# Tony Kroos ad un passo dal Real



## Andreas89 (3 Luglio 2014)

Secondo il quotidiano madrileno* Marca* sarebbe fatta per il passaggio di *Tony Kroos* dal *Bayern *al *Real*. La cifra concordata per il trasferimento del bavarese, ufficiale dopo i mondiali, dovrebbe essere pari a *25 mln di euro*. Per il centrocampista teutonica contratto fino al *2019.*

Prima pagina *Marca*:


----------



## Ciachi (3 Luglio 2014)

Altro grande acquisto!!


----------



## MaggieCloun (3 Luglio 2014)

Se lo prendono fanno un grande acquisto.


----------



## pisolo22 (3 Luglio 2014)

Che giocatore grande metronomo davanti alla difesa e all'occorrenza può fare il trequartista.... e poi solo per 25 milioni... ora se il Real vende Kedira nn sò per almeno 20 mln di euro e anche Di Maria a non meno di 40 -50 milioni e prendono o Falcao o Rodríguez anche l'anno prossimo la Cl è andata....


----------



## Splendidi Incisivi (3 Luglio 2014)

25 milioni di euro? A questo punto invece di spenderli per Iturbe mi compro Kroos! Anzi, arrivo pure a 30 se c'è bisogno.


----------



## Andreas89 (3 Luglio 2014)

Splendidi Incisivi ha scritto:


> 25 milioni di euro? A questo punto invece di spenderli per Iturbe mi compro Kroos! Anzi, arrivo pure a 30 se c'è bisogno.
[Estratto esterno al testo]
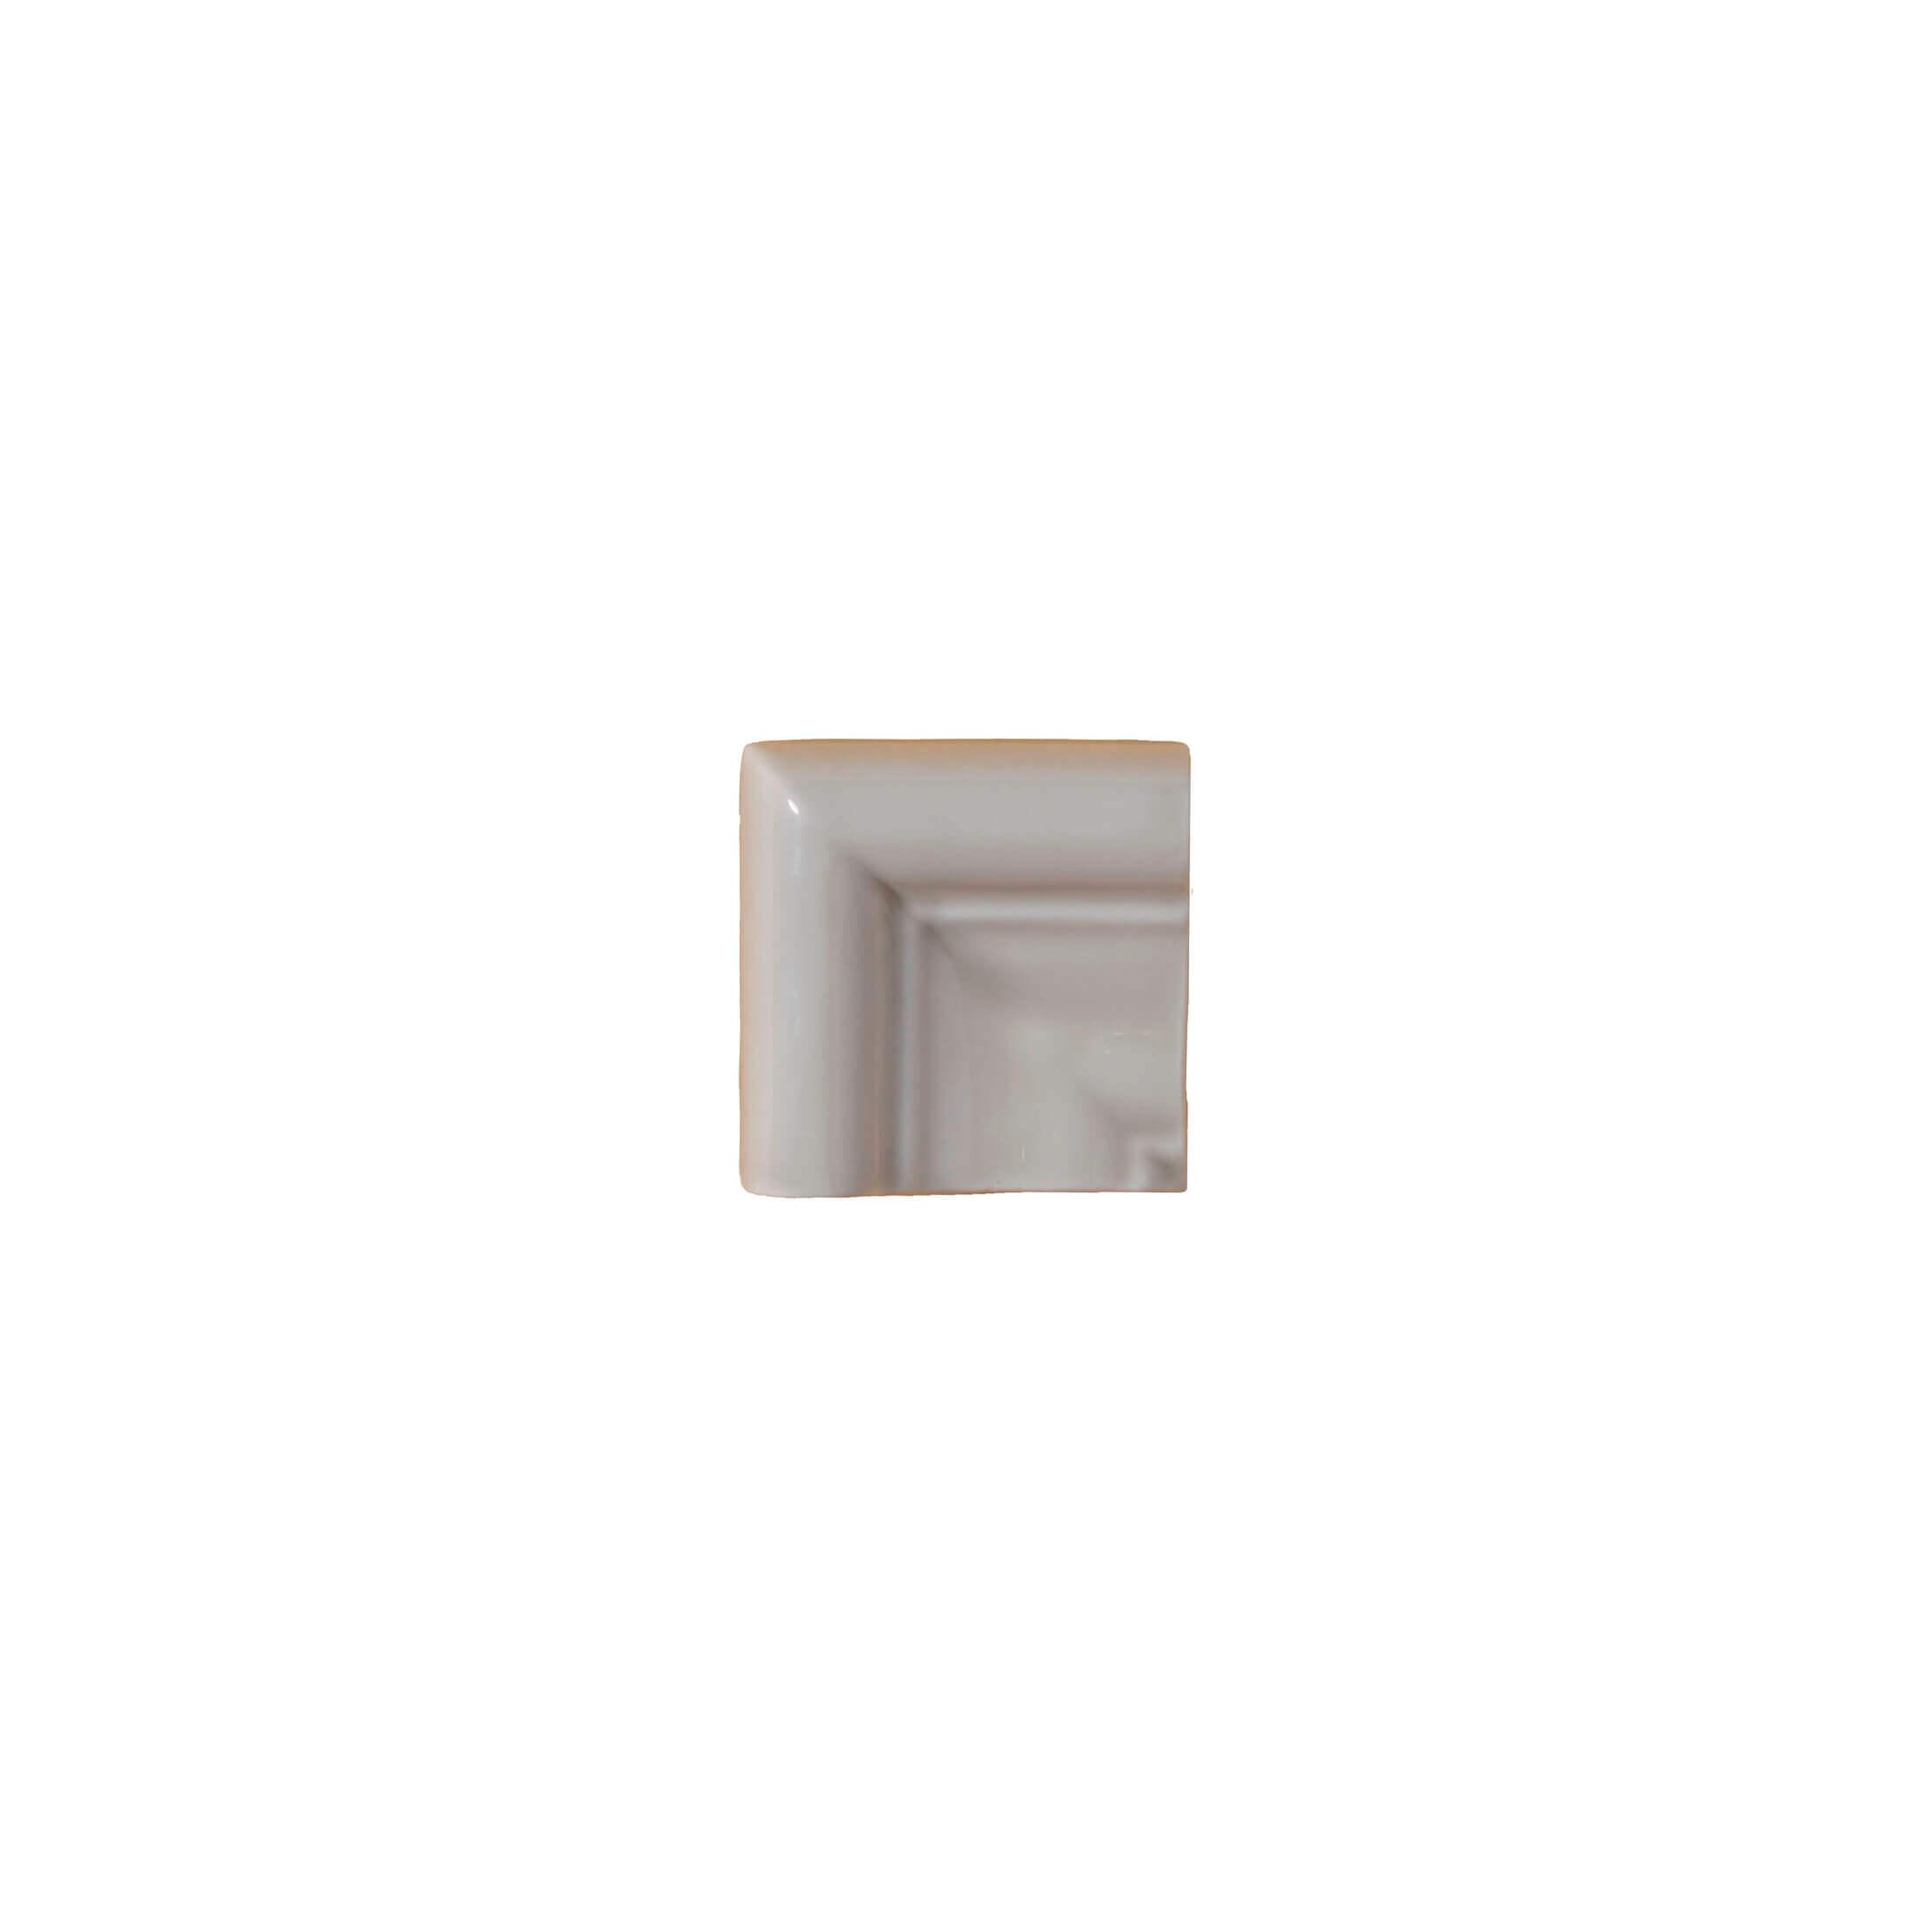 ADST5170 - ANGULO MARCO CORNISA - 7.5 cm X 19.8 cm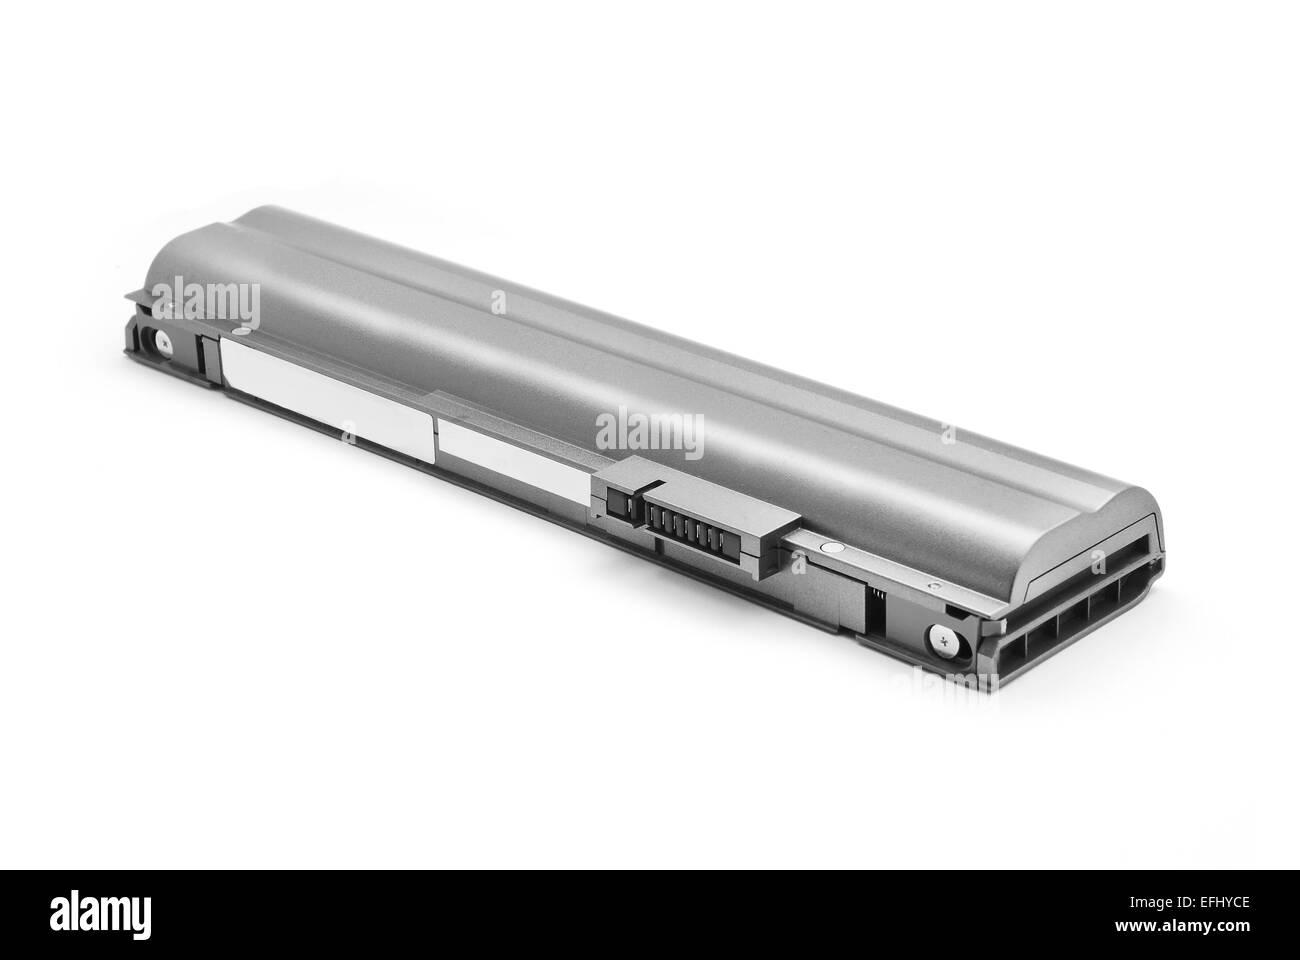 laptop battery on white background - Stock Image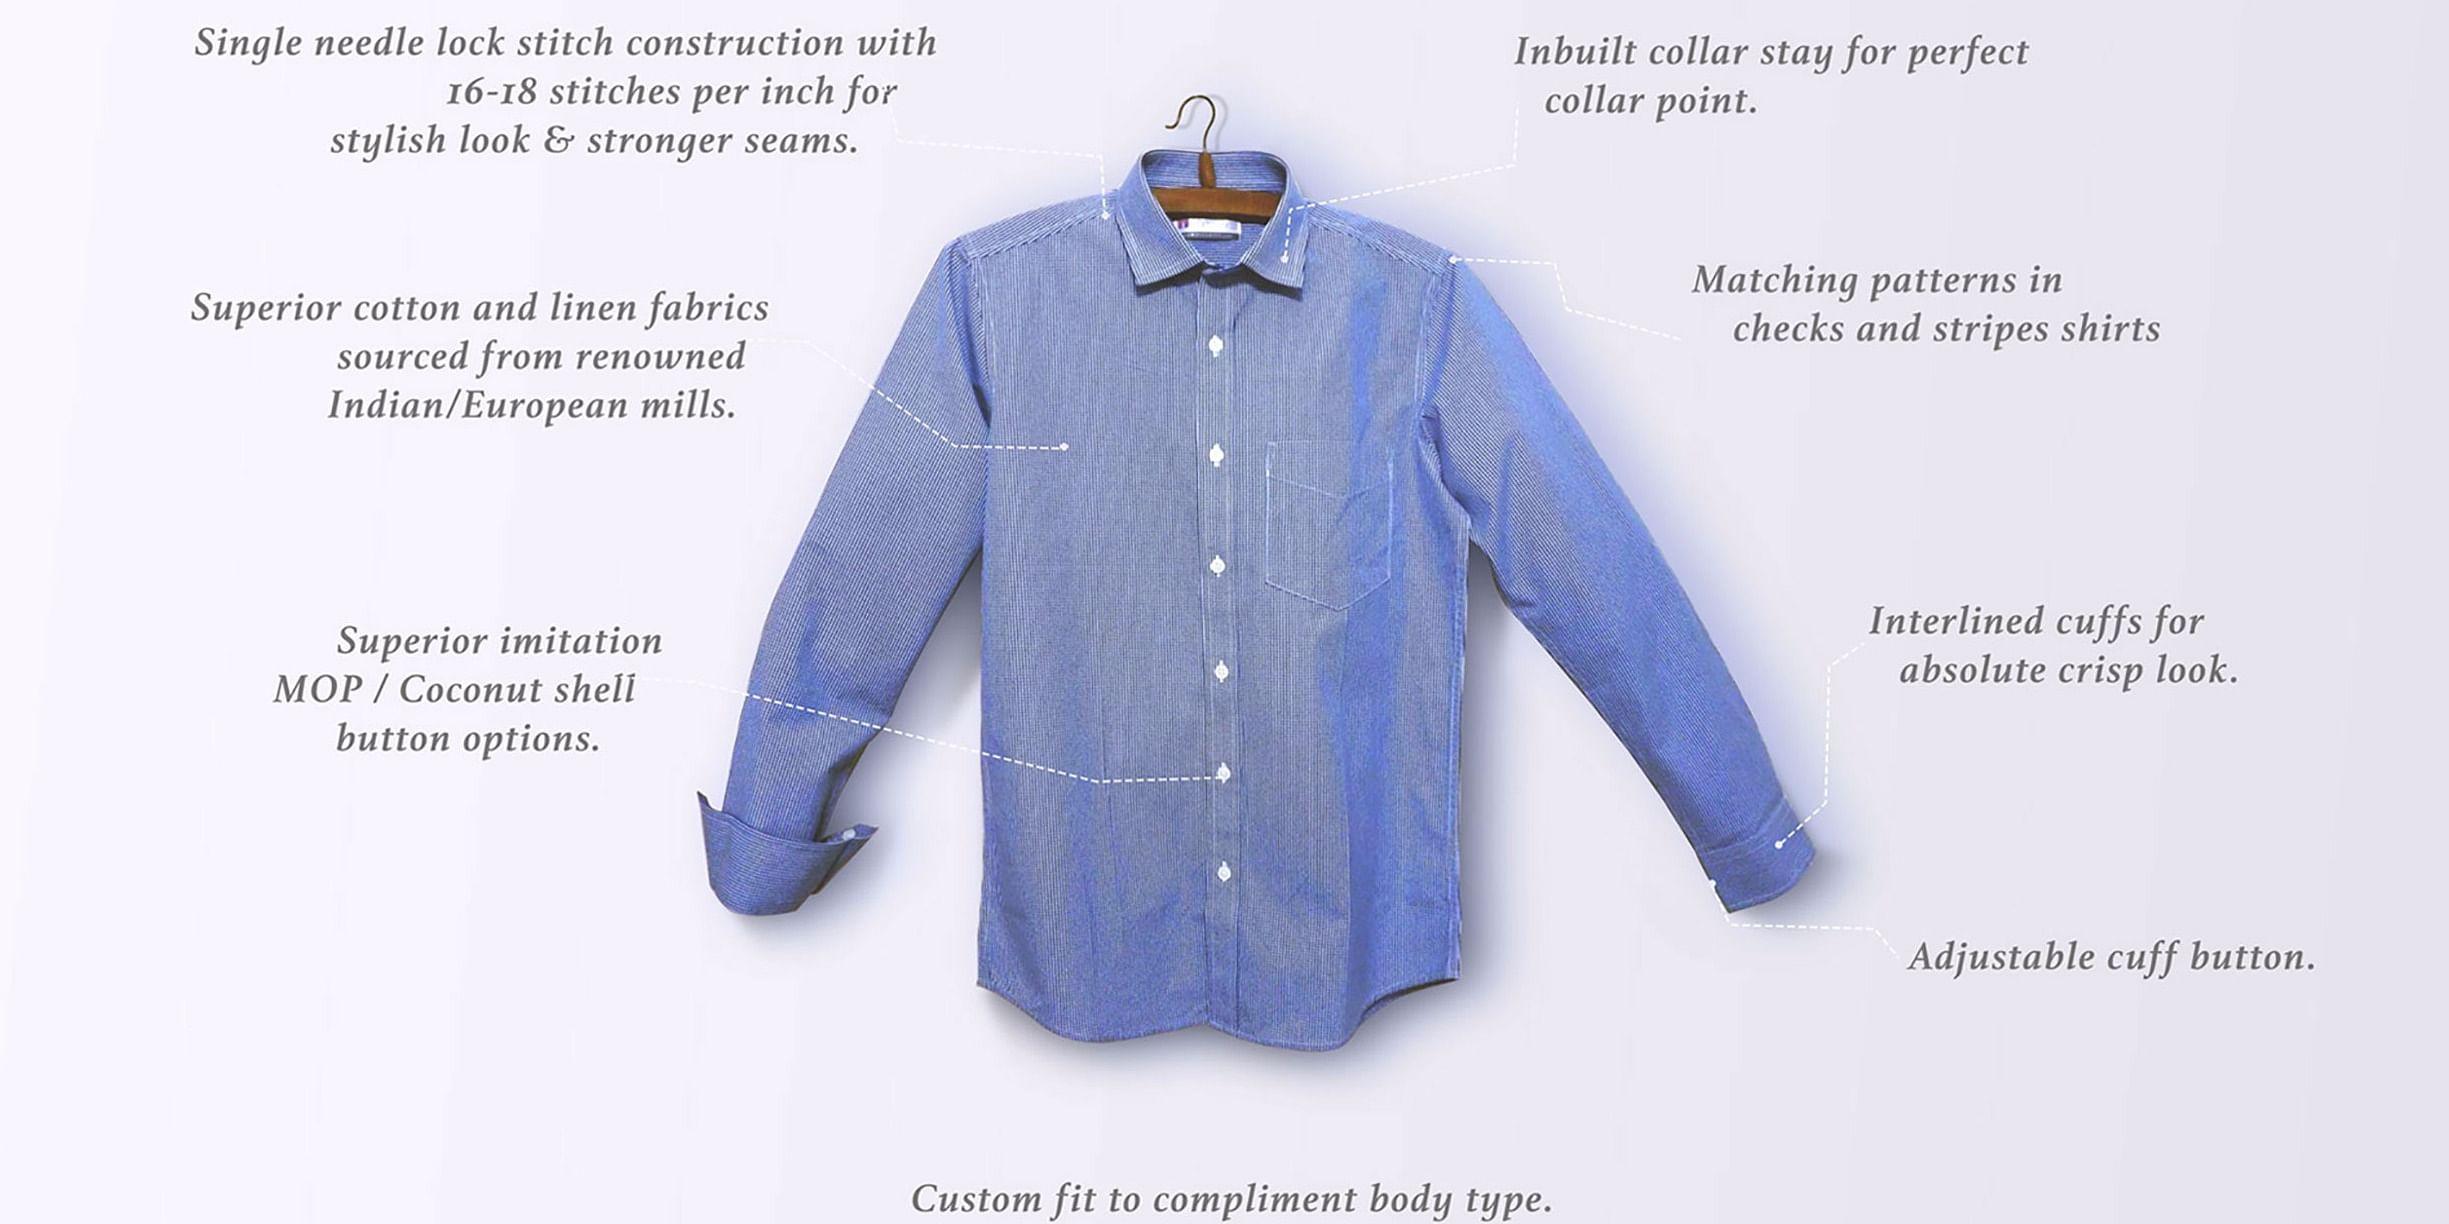 A StyleMyFit Shirt

A Kroos devi dare minimo 10 mln lordi d'ingaggio. Iturbe si accontenta di 3 mln lordi. C'è una bella differenza.


----------



## Splendidi Incisivi (3 Luglio 2014)

Andreas89 ha scritto:


> A Kroos devi dare minimo 10 mln lordi d'ingaggio. Iturbe si accontenta di 3 mln lordi. C'è una bella differenza.


E verosimilmente con un concorrente di mezzo il Real non avrebbe problemi a salire anche a 40.


----------



## Andreas89 (3 Luglio 2014)

Splendidi Incisivi ha scritto:


> E verosimilmente con un concorrente di mezzo il Real non avrebbe problemi a salire anche a 40.



La tipologia di operazione da fare è quella di Iturbe. Qualcosa in più per il cartellino, relativamente poco per l'ingaggio. Non possiamo dare più 10-11 mln lordi a qualcuno.


----------



## Oronzo Cana (3 Luglio 2014)

Splendidi Incisivi ha scritto:


> 25 milioni di euro? A questo punto invece di spenderli per Iturbe mi compro Kroos! Anzi, arrivo pure a 30 se c'è bisogno.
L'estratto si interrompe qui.